TASK DETAILS
As you print the data below, keep every line exactly as it is and leave the images behind.

SUPPLIED MATERIAL
-=-=-

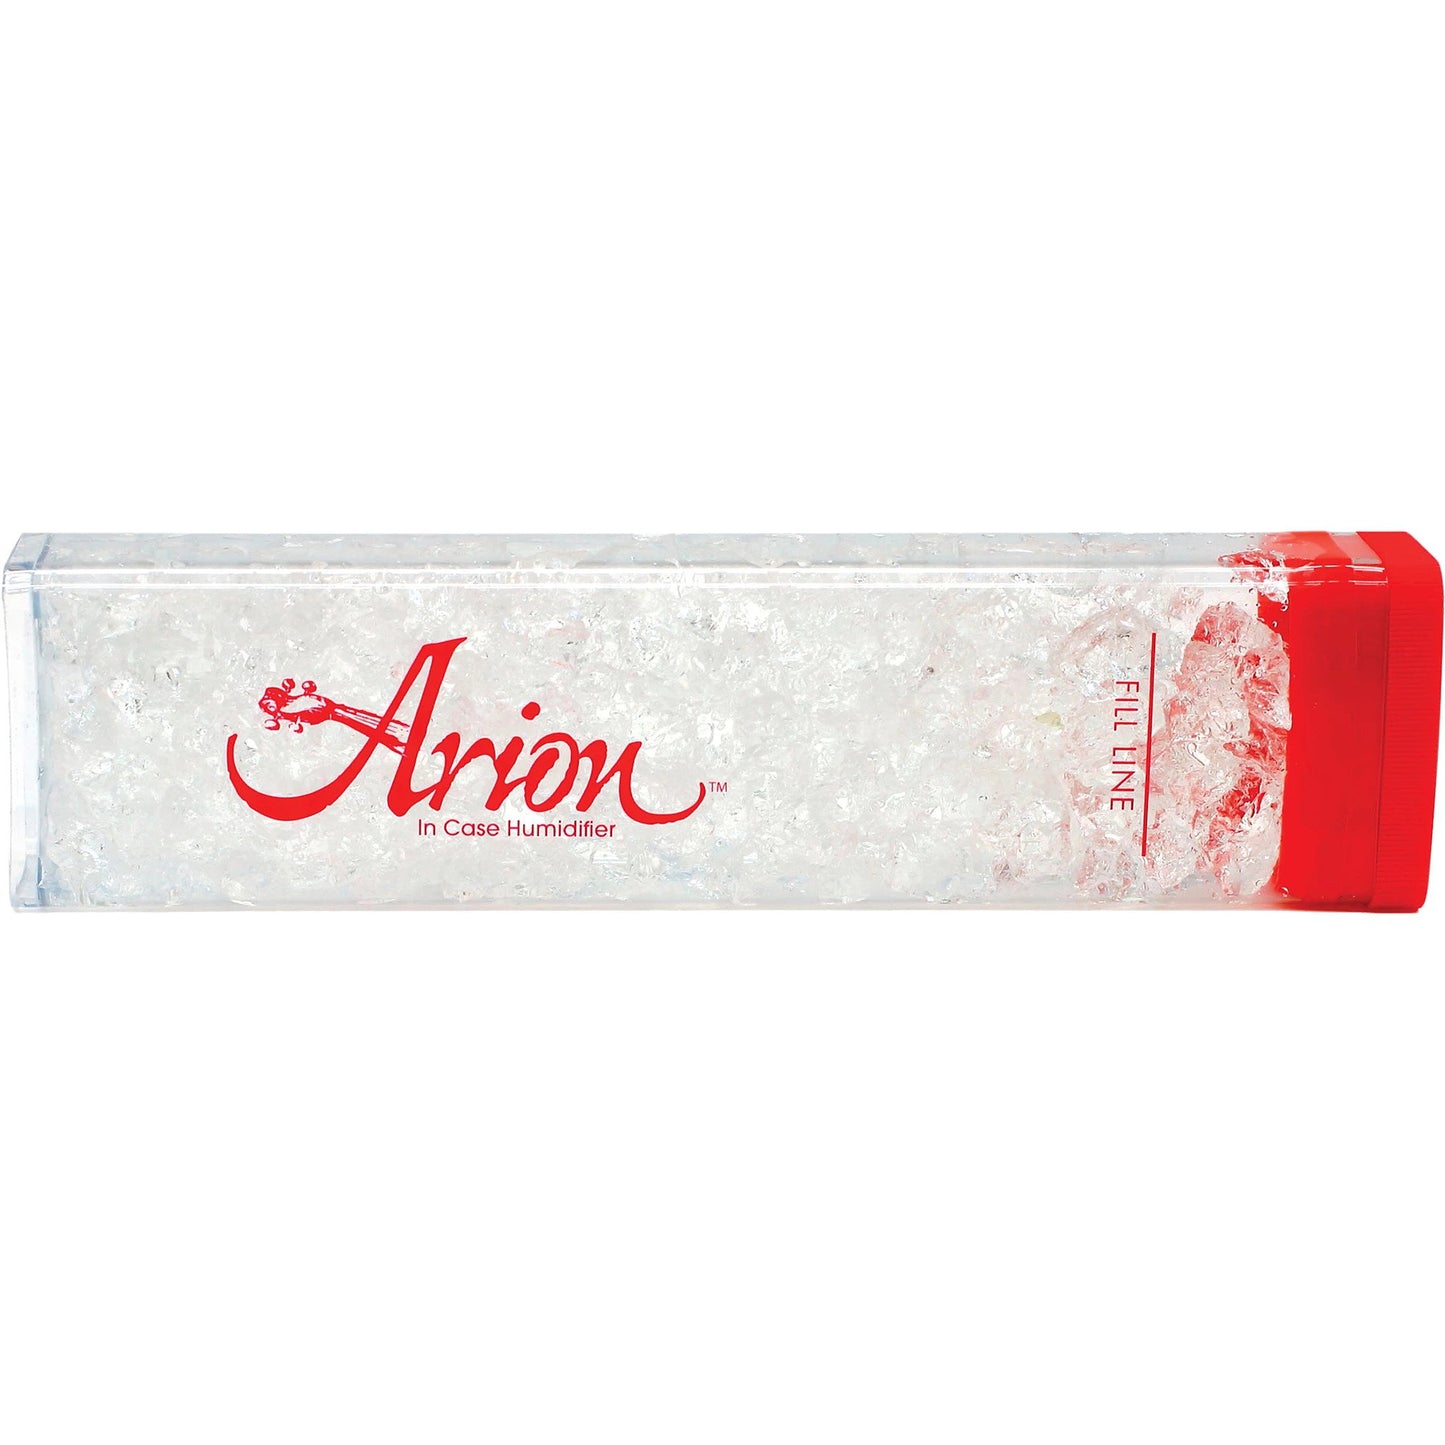 Arion Case Humidifier
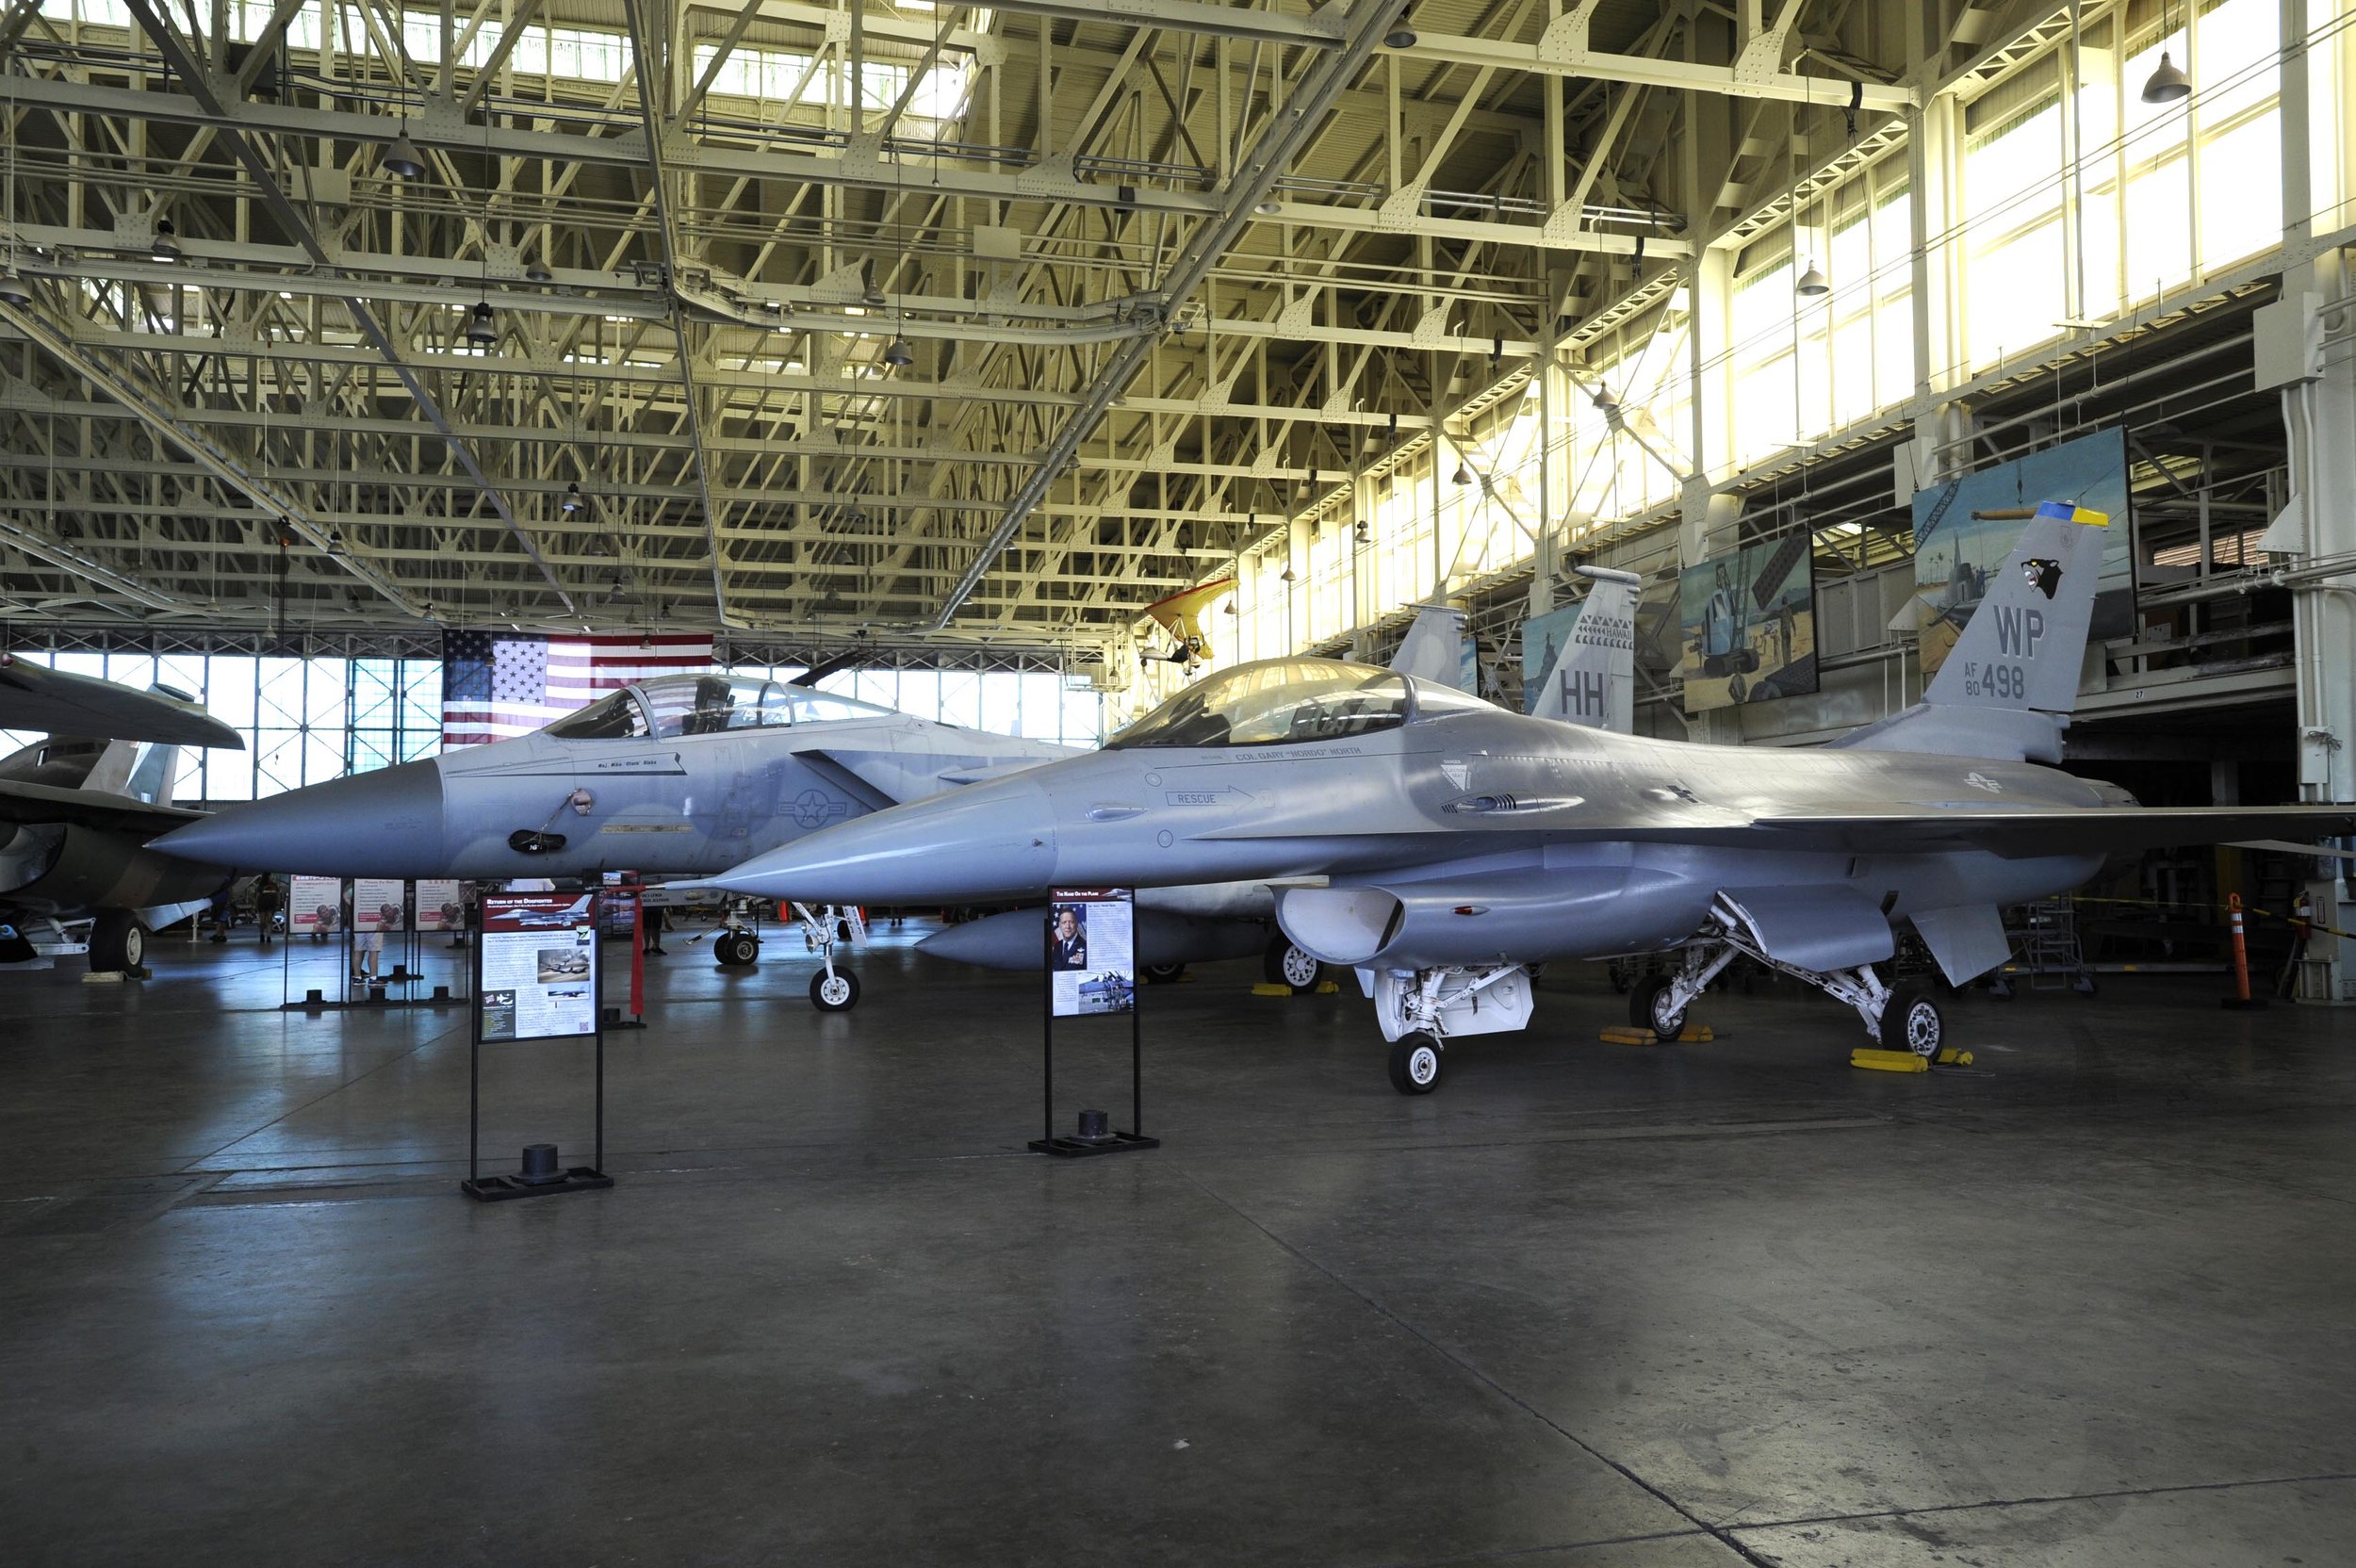  An F-16A Fighting Falcon was gifted to Pacific Aviation Museum Pearl Harbor by renowned dentist and philanthropist Dr. Lawrence Tseu and his late wife BoHing Chan Tseu in 2017 ( photo by Dennis Oda, Honolulu Star-Advertiser ).  
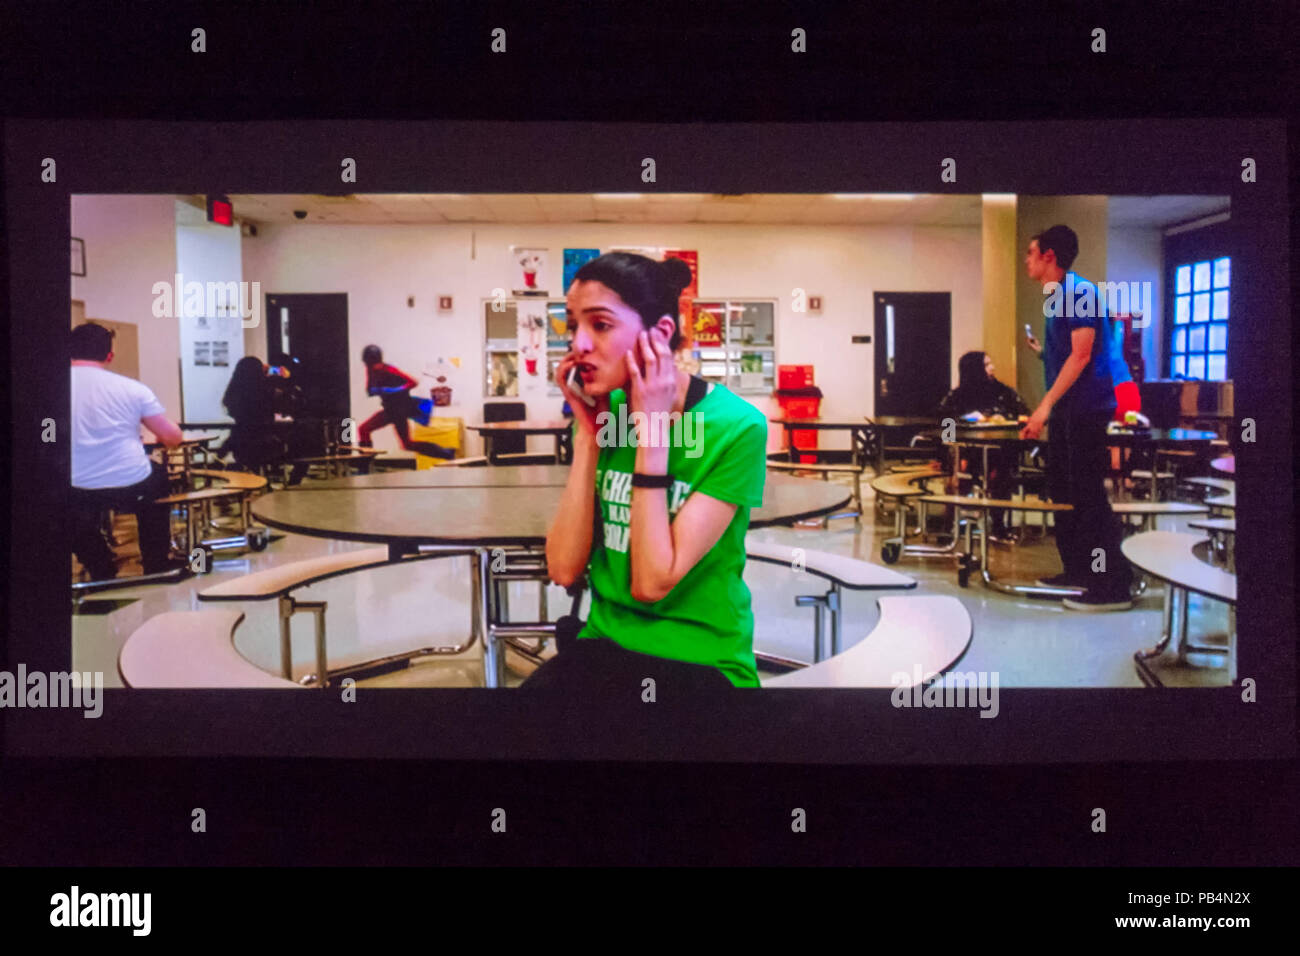 Bellmore, New York, USA. July 18, 2018. In short film The Adventures of Penny Patterson, the title character, played by actor AJNA JAI, calls Steve, her boyfriend and lab partner, who isn't helping with their science fair project. Penny didn't notice Steve was superhero behind her in high school cafeteria. The comedy, sci-fi, woman directed film was nominated for Best Student Film at LIIFE 2018, the Long Island International Film Expo. Stock Photo

-=-=-

SOLUTION TO THE PROBLEM
 Arion Case Humidifier
  An F-16A Fighting Falcon was gifted to Pacific Aviation Museum Pearl Harbor by renowned dentist and philanthropist Dr. Lawrence Tseu and his late wife BoHing Chan Tseu in 2017 ( photo by Dennis Oda, Honolulu Star-Advertiser ).  
 Bellmore, New York, USA. July 18, 2018. In short film The Adventures of Penny Patterson, the title character, played by actor AJNA JAI, calls Steve, her boyfriend and lab partner, who isn't helping with their science fair project. Penny didn't notice Steve was superhero behind her in high school cafeteria. The comedy, sci-fi, woman directed film was nominated for Best Student Film at LIIFE 2018, the Long Island International Film Expo. Stock Photo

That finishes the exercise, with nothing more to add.